10.04.18 20:38, Chris Angelico пише:
On Wed, Apr 11, 2018 at 2:14 AM, Serhiy Storchaka <storch...@gmail.com> wrote:
A deployed Python distribution generally has .pyc files for all of the
standard library. I don't think people want to lose the ability to
call help(), and unless I'm misunderstanding, that requires
docstrings. So this will mean twice as many files and twice as many
file-open calls to import from the standard library. What will be the
impact on startup time?
Yes, this will mean more syscalls when import with docstrings. But the
startup time doesn't matter for interactive shell in which you call
help(). It was expected that programs which need to gain the benefit
from separating optional components will run without loading them (like
with option -OO).
The overhead can be reduced by packing multiple files in a single archive.
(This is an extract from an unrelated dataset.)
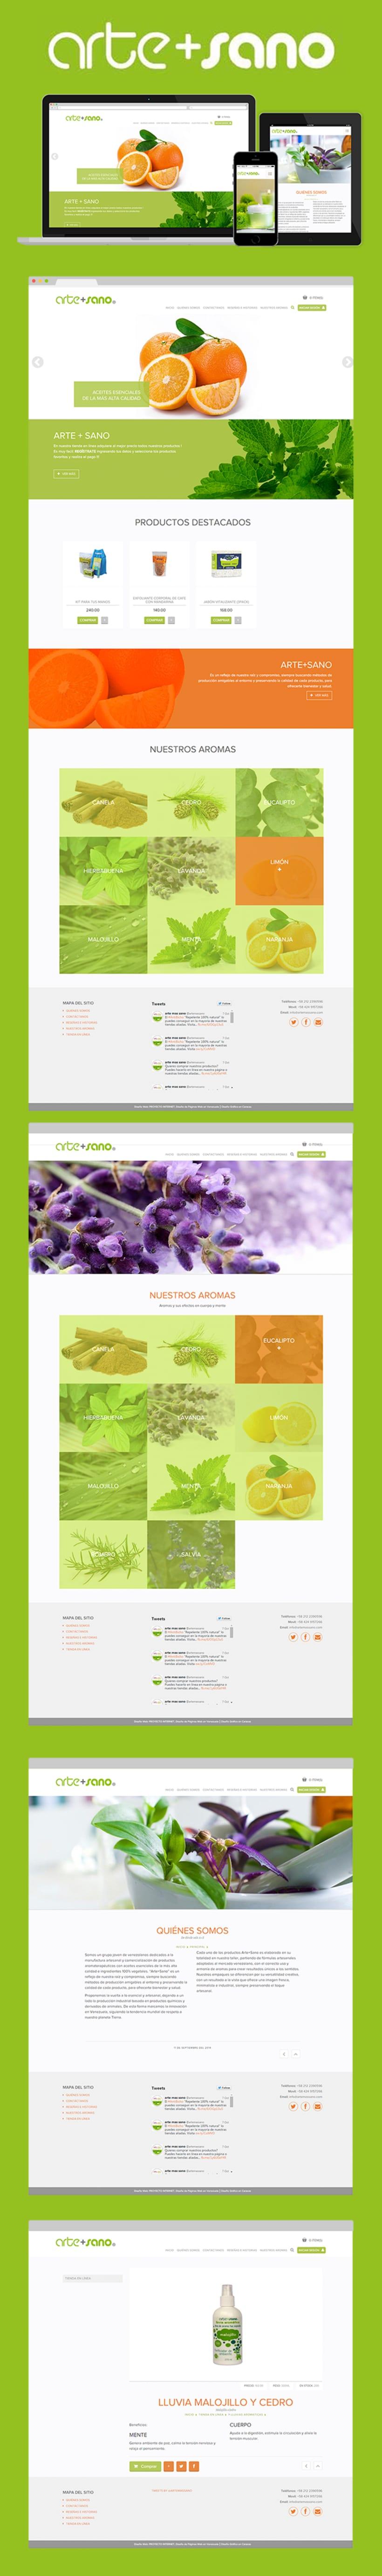 Arte+Sana - Web Design + UX/IU -1

Finally, loading docstrings and other optional components can be made
lazy. This was not in my original idea, and this will significantly
complicate the implementation, but in principle it is possible. This
will require larger changes in the marshal format and bytecode. This can
open a door for further enhancements: loading the code and building
classes and other complex data (especially heavy namedtuples, enums and
dataclasses) on demand. Often you need to use just a single attribute or
function from a large module. But this is different change, out of scope
of this topic.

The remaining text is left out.